16.01.2017 13:08 S.A. 18

Wie sagte Weizsäcker doch einmal so trefflich: "Nicht behindert zu sein ist wahrlich kein Verdienst, sondern ein Geschenk, das jedem von uns jederzeit genommen werden kann." Auch Thüringen kann sich der Umsetzung der UN-BRK nicht verschließen... Man muss von der Ghettoisierung und Stigmatisierung behinderter Kinder wegkommen...

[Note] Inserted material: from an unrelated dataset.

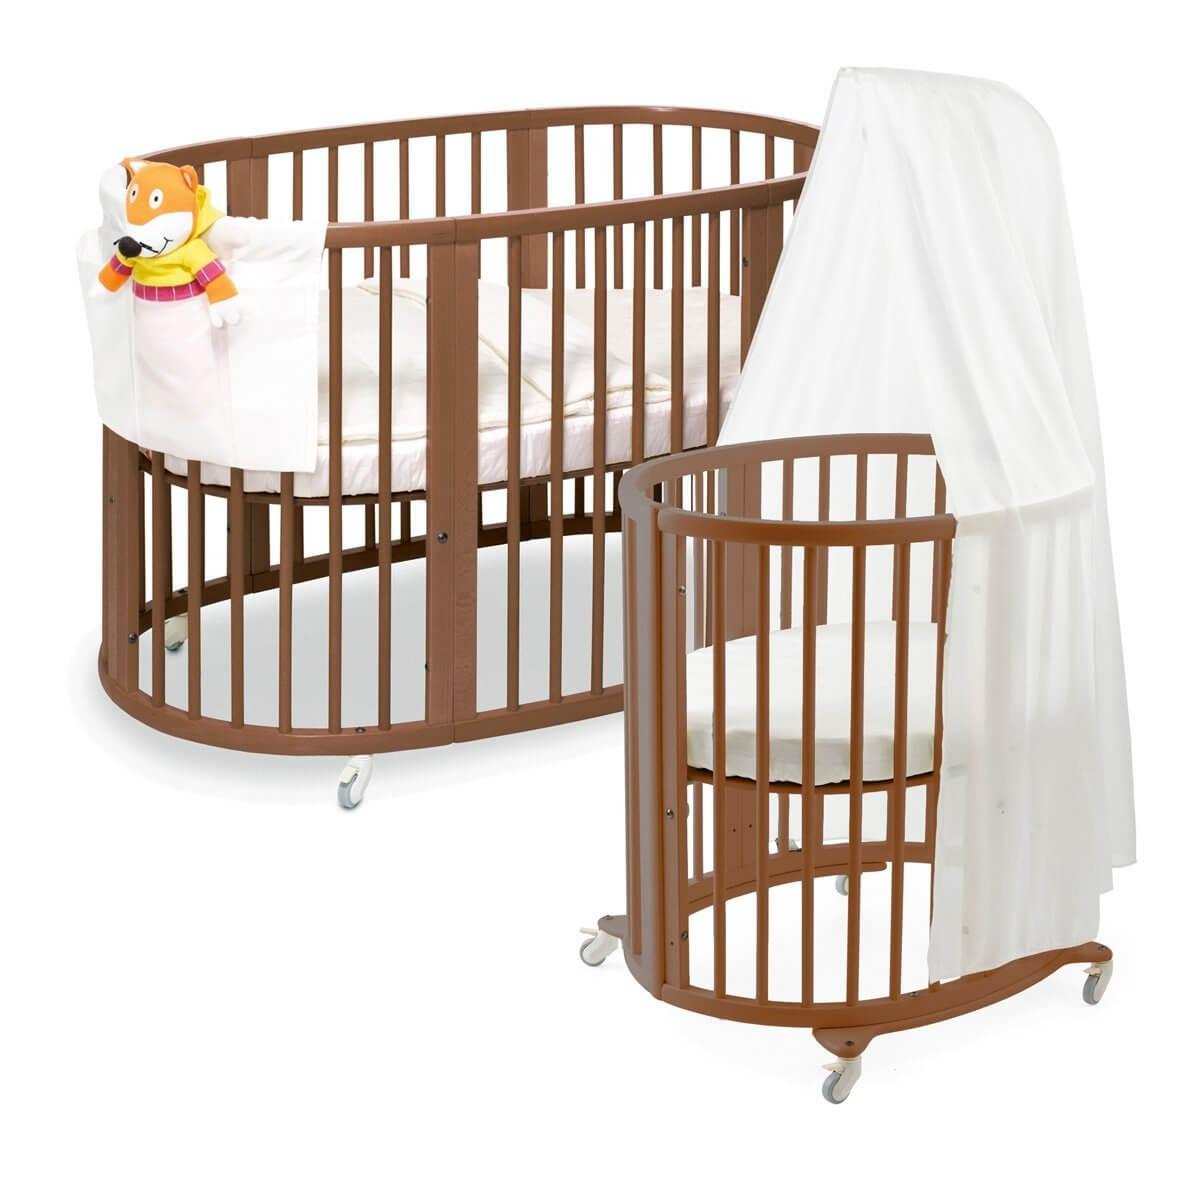 Best Round Baby Cribs round baby cribs

16.01.2017 09:48 Theo Rettich 17

Da glauben die Sonderschulpädagogen wohl, dass die Gehälter nach oben angepasst werden. Deshalb kommt man mit der fadenscheinigen Begründung, dass Gleichberechtigung und Chancengleichheit etwas damit zu tun hat in einem Raum zu hocken und in einer Stunde den gleichen Unterrichtsstoff zu hören. Die Linksextremen freut so was. Bildung für die Massen war bei denen schon immer Teil des Problems bei der Umstellung auf die proletarische Gesellschaft. Deshalb haben alle Schüler mit der Inklusion defacto weniger Bildung. Von den nicht belernbaren Schülern mit hohem Aggressionspotential ganz zu schweigen. Solche politischen Menschenexperimente zulasten von Kindern sind verabscheuungswürdig und menschenfeindlich.